Starbucksreported a 9% rise in quarterly earnings on Wednesday, helped by more than 1,000 new stores, and stood by its full- year profit outlook, sending its shares up 2.2%.
Net income for the fiscal third quarter was $158 million, or 21 cents per share, in line with the average estimate of Wall Street analysts, according to Reuters Estimates. In the same period last year, Starbucks earned $145 million, or 18 cents per share.
"This is being viewed as a bit of relief given that we knew that there was some pressure on the top line," said McAdams Wright Ragen analyst Dan Geiman, who has a "buy" rating on Starbucks shares. "The fact that they reiterated their guidance for the fiscal year was a positive as well."
Starbucks warned in June it would be "very challenging" for the company to meet the high end of its 2007 earnings forecast due to rising dairy prices and slowing sales growth in its U.S. business. It repeated that warning on Wednesday, but stood by the outlook.
Third-quarter revenue rose 20% to $2.4 billion.
Analysts had been expecting revenue of $2.39 billion, according to Reuters Estimates.
Sales at coffee shops open at least 13 months, a key retail measure known as same-store sales, rose 4%. Customer transactions increased 1 percent, while the average value per transaction was up 3%.
Chief Executive Jim Donald said in an interview that "a lot of things" kept customer transaction growth small, including new stores taking business from older ones and weakened consumer spending.
"Maybe people aren't going four times a week," he said. "Maybe it's three times a week."
Standing Out From The Pack
Starbucks' shares have been battered this year due to investor concerns about slowing U.S. growth, higher costs and increased competition from fast-food rivals such as McDonald's and Dunkin' Donuts.

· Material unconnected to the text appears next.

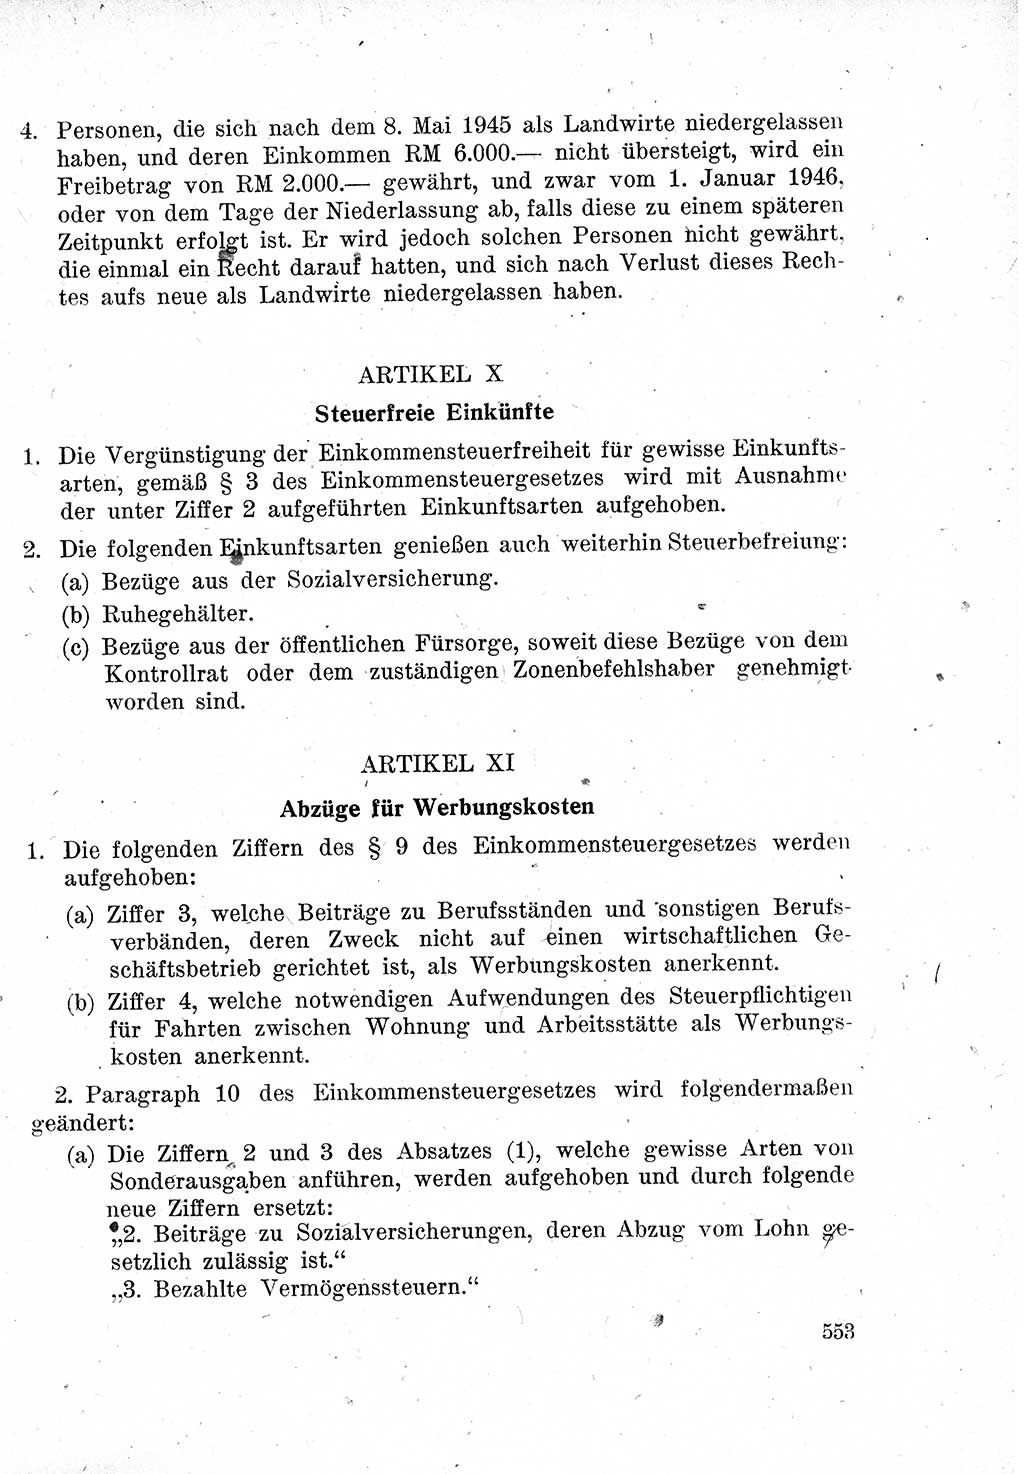 Das Recht der Besatzungsmacht (Deutschland), Proklamationen, Deklerationen, Verordnungen, Gesetze und Bekanntmachungen 1947, Seite 553 (R. Bes. Dtl. 1947, S. 553)

On a conference call with investors, executives said Starbucks would combat slowing traffic and increased competition with renewed efforts to differentiate its products and customers' experience.
"As long as we can differentiate ourselves from all others, we will continue to be the leader. We have no intention whatsoever of giving up that leadership position," Chairman Howard Schultz said.
Also in the quarter, Starbucks' operating margins fell to 10.4% of net revenue from 10.9% a year ago due to higher dairy and rent costs.
To help offset rising costs, Starbucks earlier this week raised prices on coffee and other drinks by an average of 9 cents a cup. Chief Financial Officer Michael Casey said that, while price increases have not historically affected customer traffic, this time could be different given the company last raised prices less than a year ago.
"We acknowledge the possibility that it might have a short-term negative impact on traffic," Casey said.
For the full year, Starbucks still expects to earn between 87 cents per share and 89 cents per share. Wall Street analysts, on average, are expecting earnings of 88 cents a share, according to Reuters Estimates.
The coffee chain also set a fiscal 2008 earnings per share growth target of 20% to 22% on net revenue growth of 18%. Those are lower than the company's goals in recent years of 20 to 25 percent EPS growth on revenue growth of about 20%.
"I don't expect that the bottom line growth rate, absent some transformation in the business, is going to re-accelerate up to the 25% level again," Casey said.
The company plans to open 2,600 stores in fiscal 2008, 200 more than in the current year. International expansion accounts for all of the increase.
Starbucks shares rose to $27.80 in after hours trading from a close of $27.20 on Nasdaq. The stock is down about 23 percent in 2007, compared with a 1.6% decline in the Dow Jones U.S. restaurants and bars index.